Leibniz formula for π/4

Question

I am asked to print the summation of the Leibniz formula up to the nth term of the series correct to 15 decimal places.In Calculus, the Leibniz formula for π is given by: 1 - 1/3 + 1/5 -1/7 + ... = π/4

This is my code

#include<stdio.h>
#include<math.h>
int main()
{
    int n,i;
    long double s=0;
    scanf("%d",&n);
    for(i=0;i<n;i++){
        s+=(long double)pow(-1,i)/(2*i+1);
    }
    printf("%Lf\n",s);
    return 0;
}

Can anyone tell me why i can't reach precision upto 15th decimal place? My aim is not to print the value of pi/4, i just have to print the summation for a given n

What `n` are you entering? Did you read http://en.wikipedia.org/wiki/Leibniz_formula_for_%CF%80#Inefficiency from your link? — Jim Balter, Oct 17 '14 at 20:00
Did you read the `Inefficiency` section of the Wikipedia article you linked to? — Mark Dickinson, Oct 17 '14 at 20:00
The formula is for π/4. And that particular series converges *very* slowly. — Keith Thompson, Oct 17 '14 at 20:01
Also, `long double` mostly the alias for `double`, so it won't give more than 17 significant digits. But that's an other story in this case. — m0nhawk, Oct 17 '14 at 20:03
@m0nhawk: That depends on the implementation. On some systems, `long double` is substantially more precise than `double`. — Keith Thompson, Oct 17 '14 at 20:04
You're missing `#include ` and `#include `; your compiler should have warned you about undeclared functions. `pow` works on `double` values, use `powl` for `long double`. (Not that the extra precision of `long double` is doing you any good in this case anyway.) — Keith Thompson, Oct 17 '14 at 20:07
@KeithThompson that's why I put *mostly*, thought, I don't have a statistics what's more popular. — m0nhawk, Oct 17 '14 at 20:10
Check the answer from the holder of [π record](http://stackoverflow.com/a/14283481/1030110). There are pretty fast-convergent equalities for π. — m0nhawk, Oct 17 '14 at 20:11

chux - Reinstate Monica · Accepted Answer · 2014-10-18T21:32:11.410

Q: why ... reach precision upto 15th decimal place?
A: To display 15 decimal places after the decimal point use format "%0.15f". To calculate 15 decimal places of convergence, at a minimum, n will need to be very large.

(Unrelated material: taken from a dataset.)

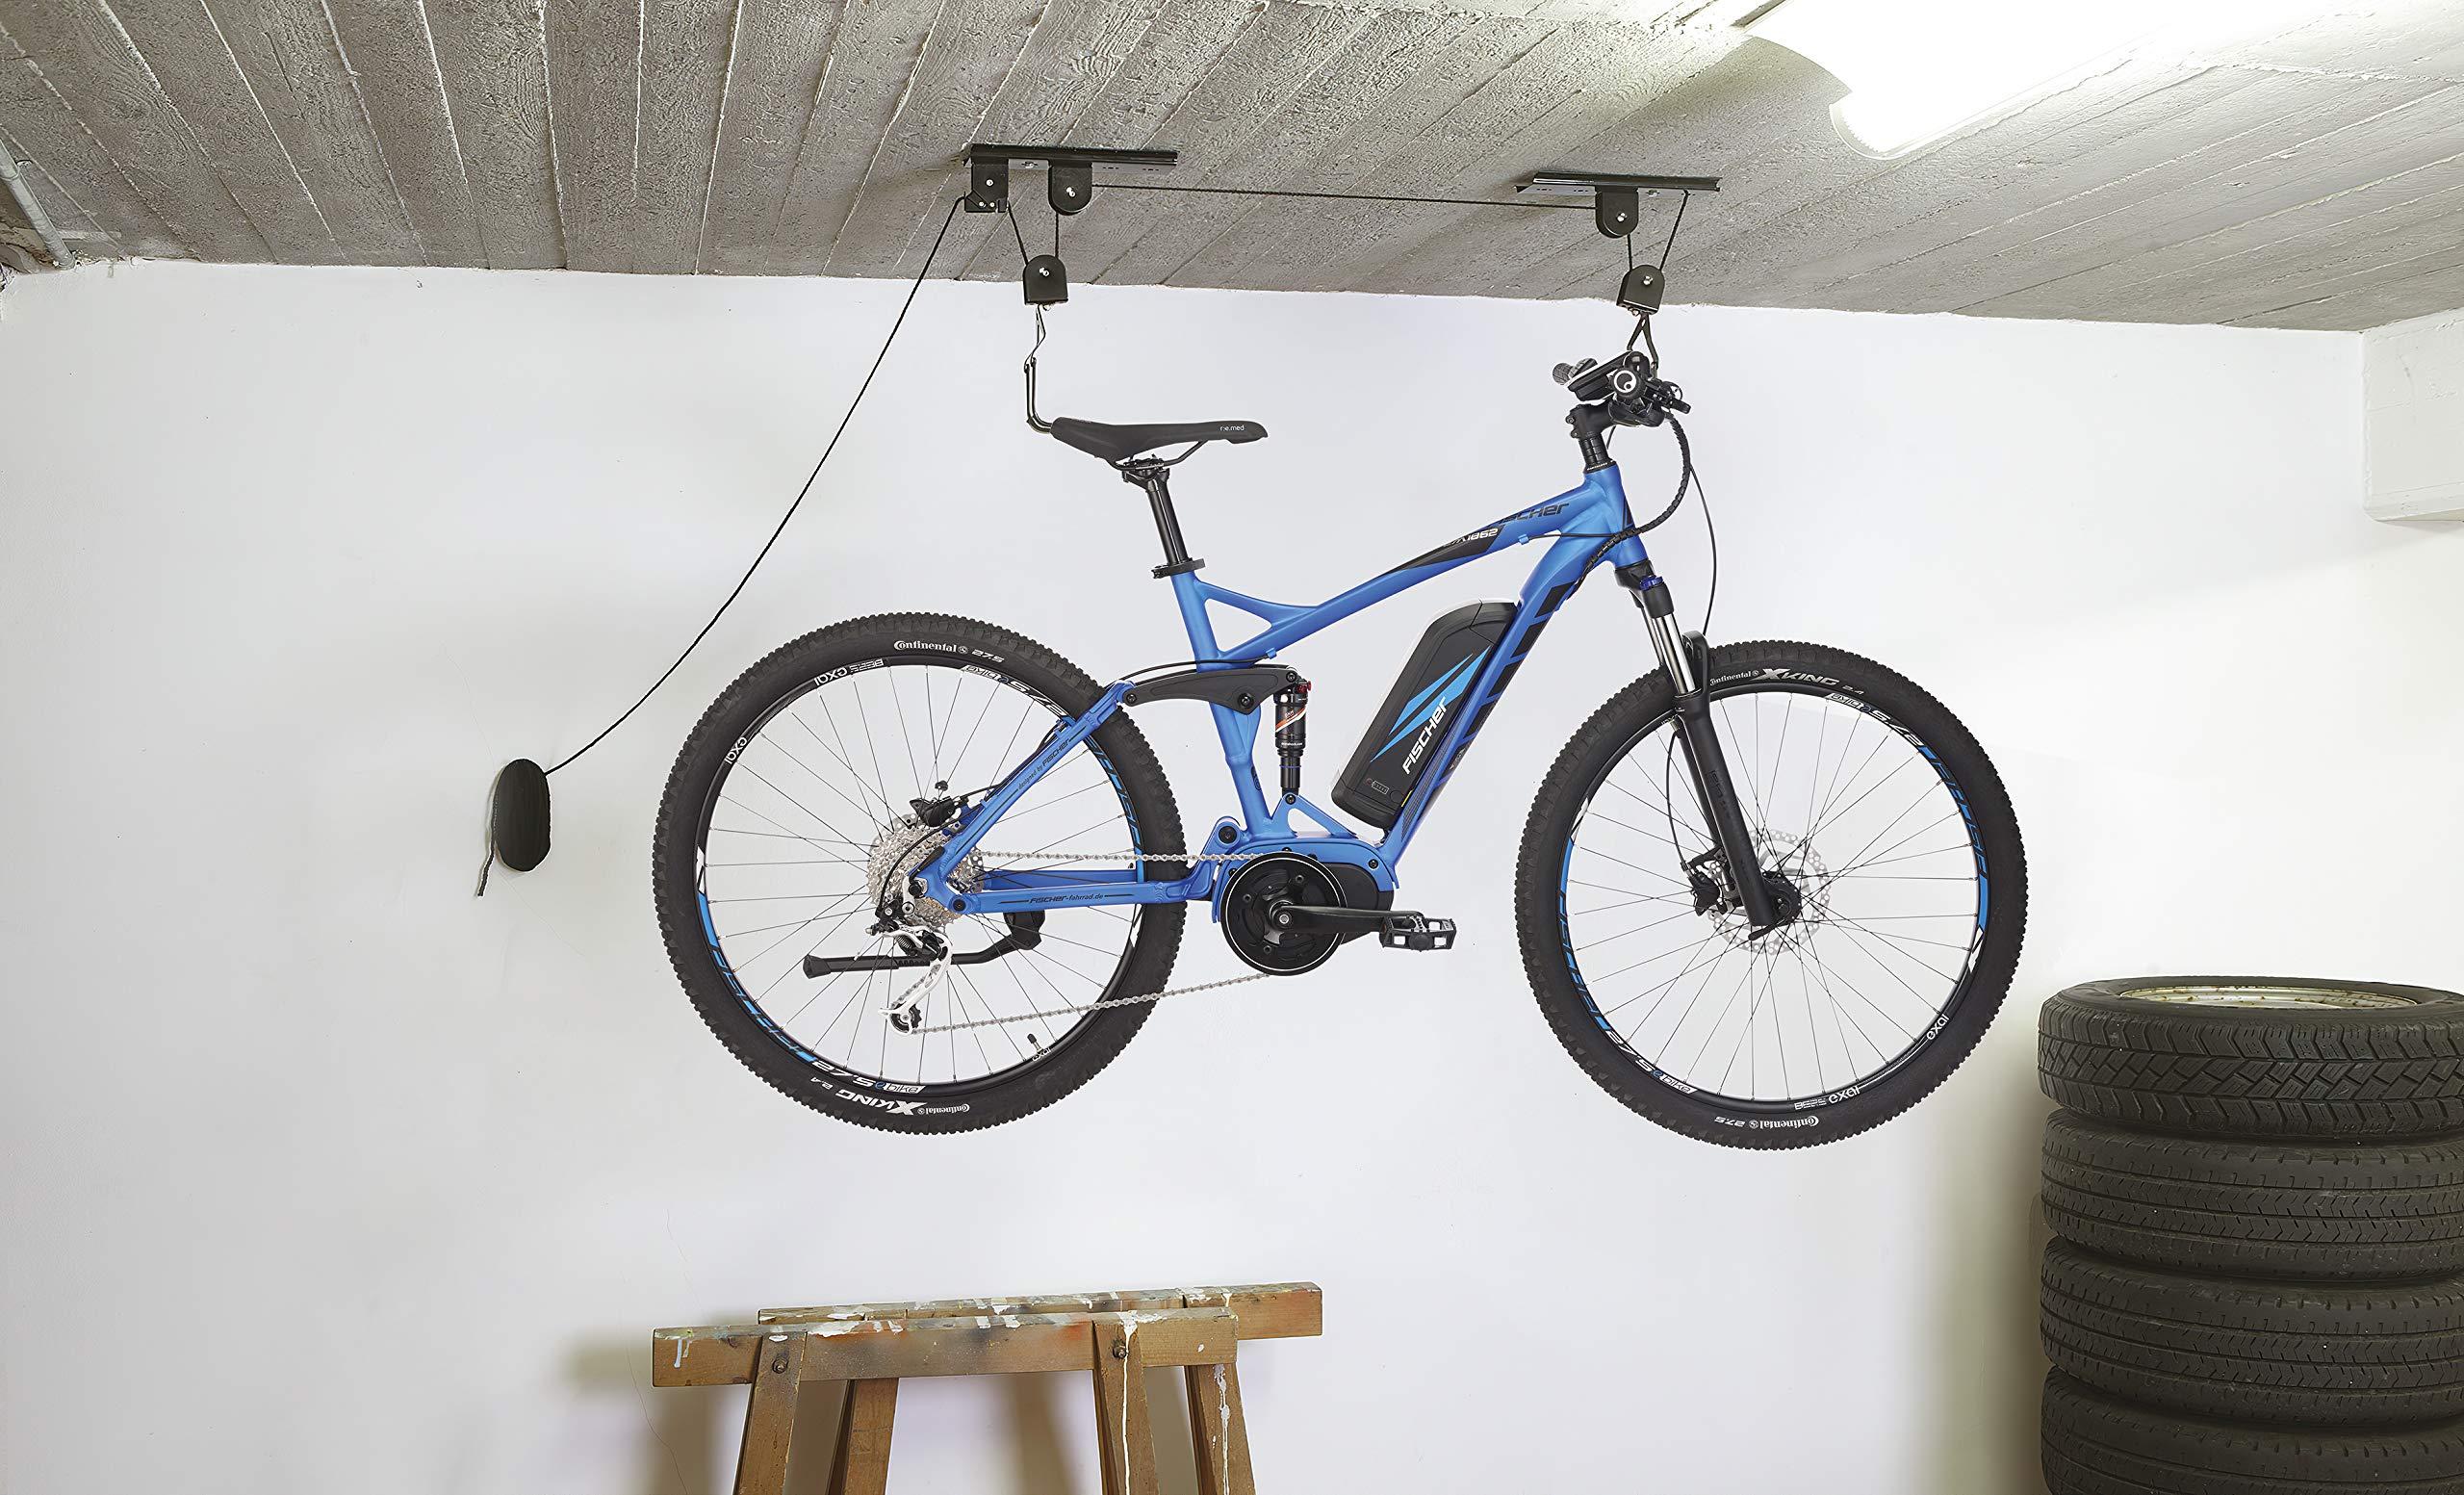 Fischer ProfiPlus Soporte para bicicleta, Unisex adulto, Soporte para bicicleta., 50386, Negro , 30 kg: Amazon.es: Deportes y aire libre

As mentioned by @user3386109, "error in the result is bounded by 1 / (2n+1)", so about 5e14 iterations will be needed. (Rough estimate: 10 days on my PC.) As typical double has a precision of about 1 part in pow(2,53) or 1 in 9e15, the limits of double calculation are being reached. The below code compares the order of calculation to reduce error, but at best, the error will still be at least 0.5 parts in 9e15.

As the terms of the series oscillate about the limit, when stopping after n iterations, a final iteration of 1/2 the next iteration could be added. this would gain about 1 bit of accuracy.

As others have mentioned, other methods exist to calculate π that converge faster.

Updated per the good observation by @user3386109.

In summing the terms, code can sum them in various orders. The 2 below methods illustrate that a modestly more stable result is achieved earlier when summing the small terms together first. I`d expect at best only a 1 or 2 bit better answer.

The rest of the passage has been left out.